This week’s installment of Dave Does History on Bill Mick Live unfolded less like a quiet trip through the archives and more like a reminder that the past enjoys tapping modern listeners on the shoulder to say that old problems have a way of returning. Dave Bowman and Bill Mick took their audience into one of the Declaration of Independence’s most pointed grievances, the one that questions who controls judges, who pays them, and what happens when justice itself becomes a bargaining chip. It felt uncomfortably familiar, which was part of the point.
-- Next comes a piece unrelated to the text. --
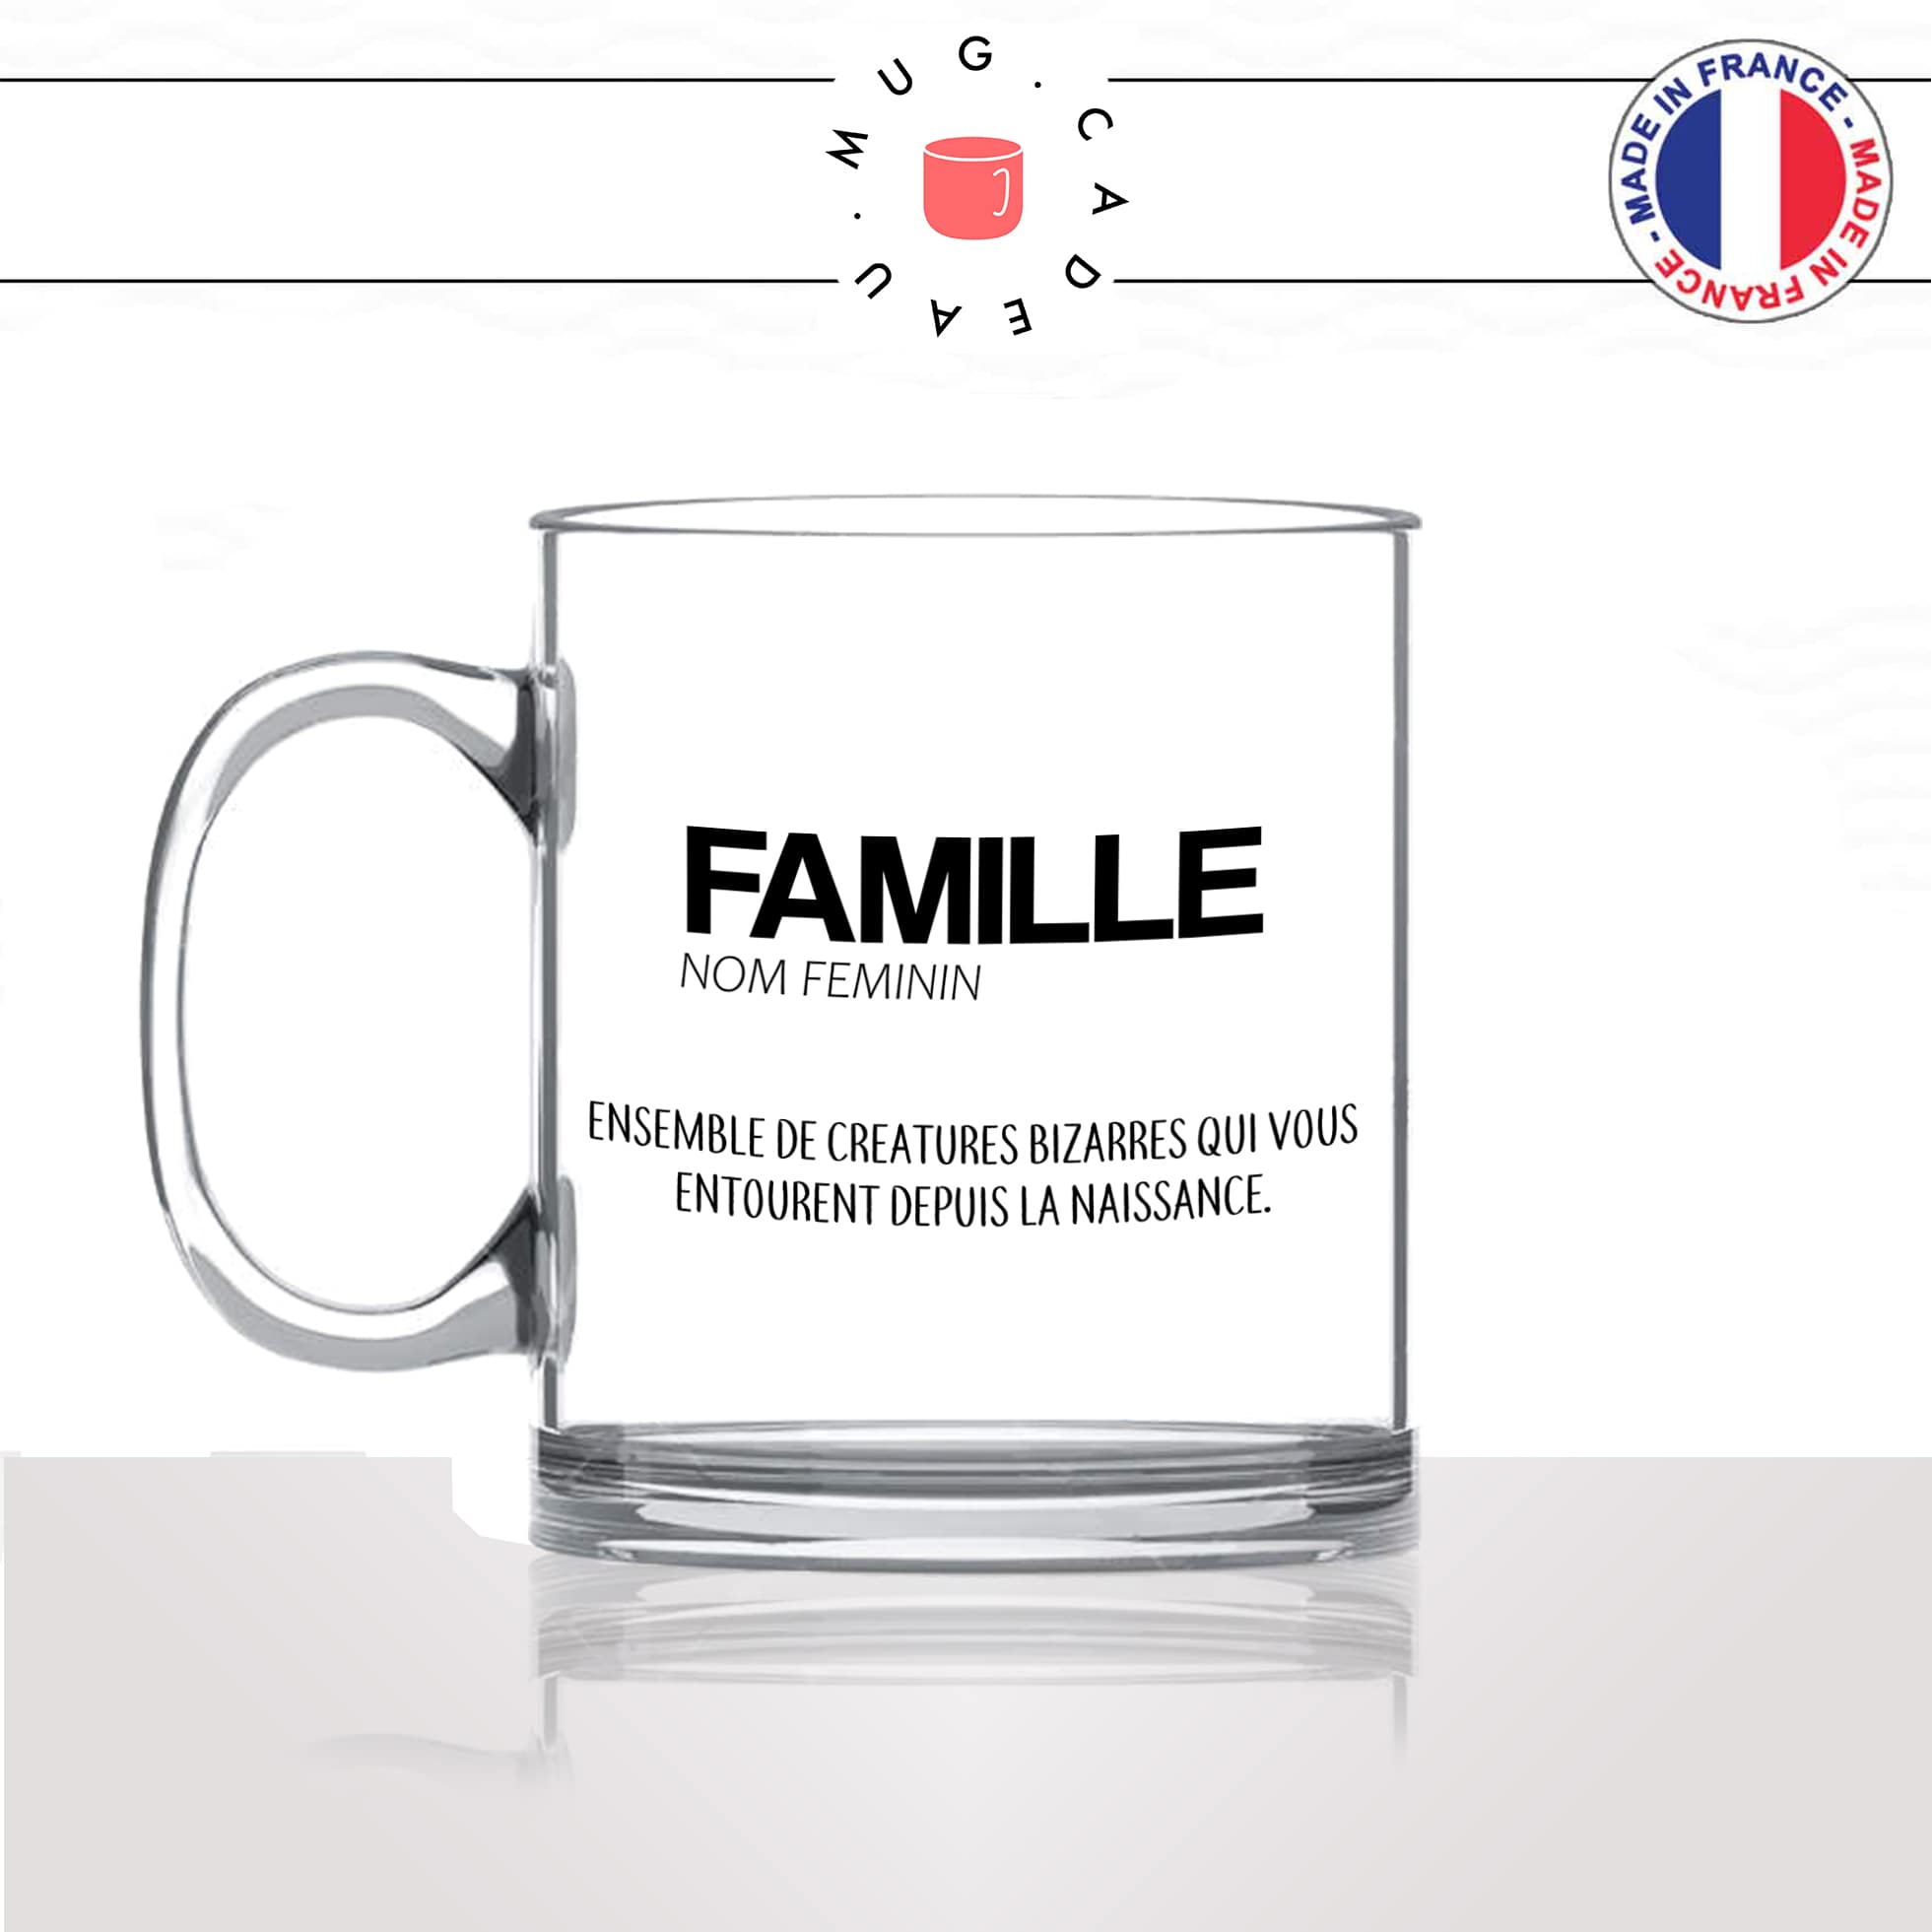 mug-tasse-en-verre-transparent-glass-famille-definition-enfant-parents-frere-soeur-maison-decoration-humour-idée-cadeau-fun-cool-café-thé-original-min

The conversation opened with a modern idea that has been floating around for years, the concept of professional juries. On the surface it seems reasonable until the question is asked, who signs the paycheck. The founders worried about arrangements like that, and Jefferson said so directly when he wrote that the King made judges dependent on his will for their office and for their salaries.
From there Dave turned to the story of Peter Oliver, a Massachusetts judge who might have lived out a quiet life if not for the moment King George III decided that colonial judges would no longer receive their pay from the colonies. The King would handle it personally. Oliver accepted the change, believing he could remain impartial. The public did not believe that, and the political temperature rose. The Massachusetts House moved to impeach him. Oliver refused to give up the royal salary. The Assembly refused to back down. Eventually, the relationship between colony and Crown split along the same fracture lines that Oliver himself exposed.
Dave then widened the lens to North Carolina, a colony that spent more than three years without a functioning court system because the King withheld assent to a law he disliked. What historians describe as obstruction, Dave framed as administrative hardball that froze justice entirely. Debts could not be collected. Serious trials could not be held. Ordinary citizens learned that the judicial system could be shut down from afar with the stroke of a royal pen.
Throughout the episode Dave returned to the idea that these conflicts are not dusty relics. They echo into the present. The founders argued about judicial independence. Americans argue about it still. Do citizens trust judges. Do they understand the forces that shape the judiciary. Do they notice when politics and the courts become entangled.
The episode served as a reminder that the struggle between power and principle never really stops. Jefferson and his contemporaries fought it in their time. Dave and Bill walked listeners through those same questions today, showing that the concerns that helped spark a revolution remain very much alive.